当我接到告警电话☎️时，发现当前 tlb-service-controller 的 CPU 限制设置为 10。最初认为是由于 controller 需要协调的对象太多，导致其无法正常工作。为了暂时解决问题，我将 CPU 限制从 10 增加到 20。然而，即使增加到 20，依然存在CPU Throttling的情况，于是我将 CPU 再次增加到 40。这样 tlb-service-controller 的 CPU 使用率稳定下来，上下游用户暂时不受影响。接下来，我将查找导致当前问题的原因

上图是在Prometheus上查看的当前tlb-service-controller在CPU扩容后的CPU和内存分布图。我们可以得出结论，CPU使用率在短短的10分钟内迅速上升至约33，这表明，CPU使用率可能出现了异常。需要进一步调查才能确定原因。

pprof 排查CPU 使用率罪魁祸首

pprof 是一款 Golang 性能剖析工具，可用于分析应用程序的 CPU 和内存占用率等性能问题。pprof 可以在应用程序运行时收集性能数据，然后使用可视化工具进行简单的分析和展示。下面是使用 pprof 对当前 tlb-service-controller 的 CPU 使用率采样生成的分析图。

从上面的图中，我们可以看到，主要的罪魁祸首是lockAllocationForPods()和client-go中cache的ListAll()函数。
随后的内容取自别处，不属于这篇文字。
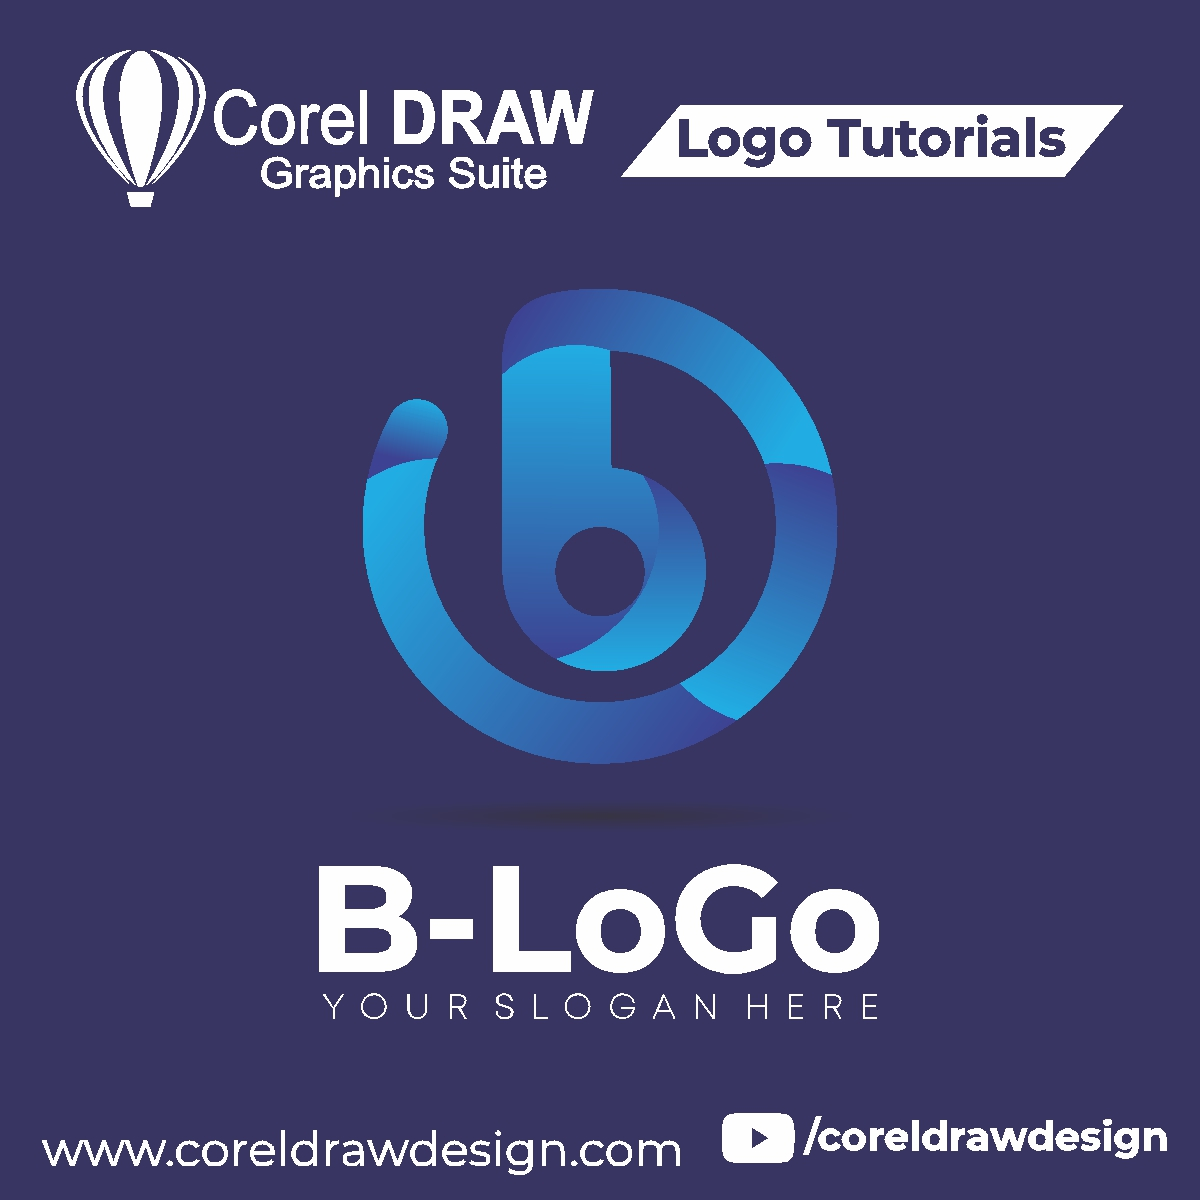 Best 3D Logo Tutorial - Logo Design - Digital Graphics - Tutorial - Coreldraw for Beginners

通过查看源代码，我们发现该函数通过client-go提供的标签选择器功能，在每个pod上创建一个标签选择器（labelSelector），找到与之匹配的allocation（读者可以忽略"allocation"的具体含义，它是与IP绑定的资源，每个pod应该对应一个IP）

func (p *TLBProvider) lockAllocationForPods(pods []v1.Pod, service *v1.Service) error {
	if pods == nil {
		return nil
	}
	for _, pod := range pods {
		// Check if allocation already exists for this pod
		labelSelector := labels.Set{
			PodNodeNameLabel:  pod.Spec.NodeName,
			PodNamespaceLabel: pod.Namespace,
			PodNameLabel:      pod.Name,
			PodUIDLabel:       string(pod.UID),
		}.AsSelector()

		allocations, err := p.allocationLister.List(labelSelector)

client-go 中的cache提供的源码分析

client-go 是 Kubernetes 官方提供的 Go 客户端，它提供了丰富的功能，用于操作 Kubernetes API。标签选择器（labelSelector）是 client-go 中的一个重要功能，它可以用于通过标签选择器来过滤 Kubernetes API 响应的对象。client-go 的 cache 是基于 store 实现的。store 提供对 Kubernetes API 对象的访问和操作的统一接口。cache 依赖于 store 来获取 Kubernetes API 对象。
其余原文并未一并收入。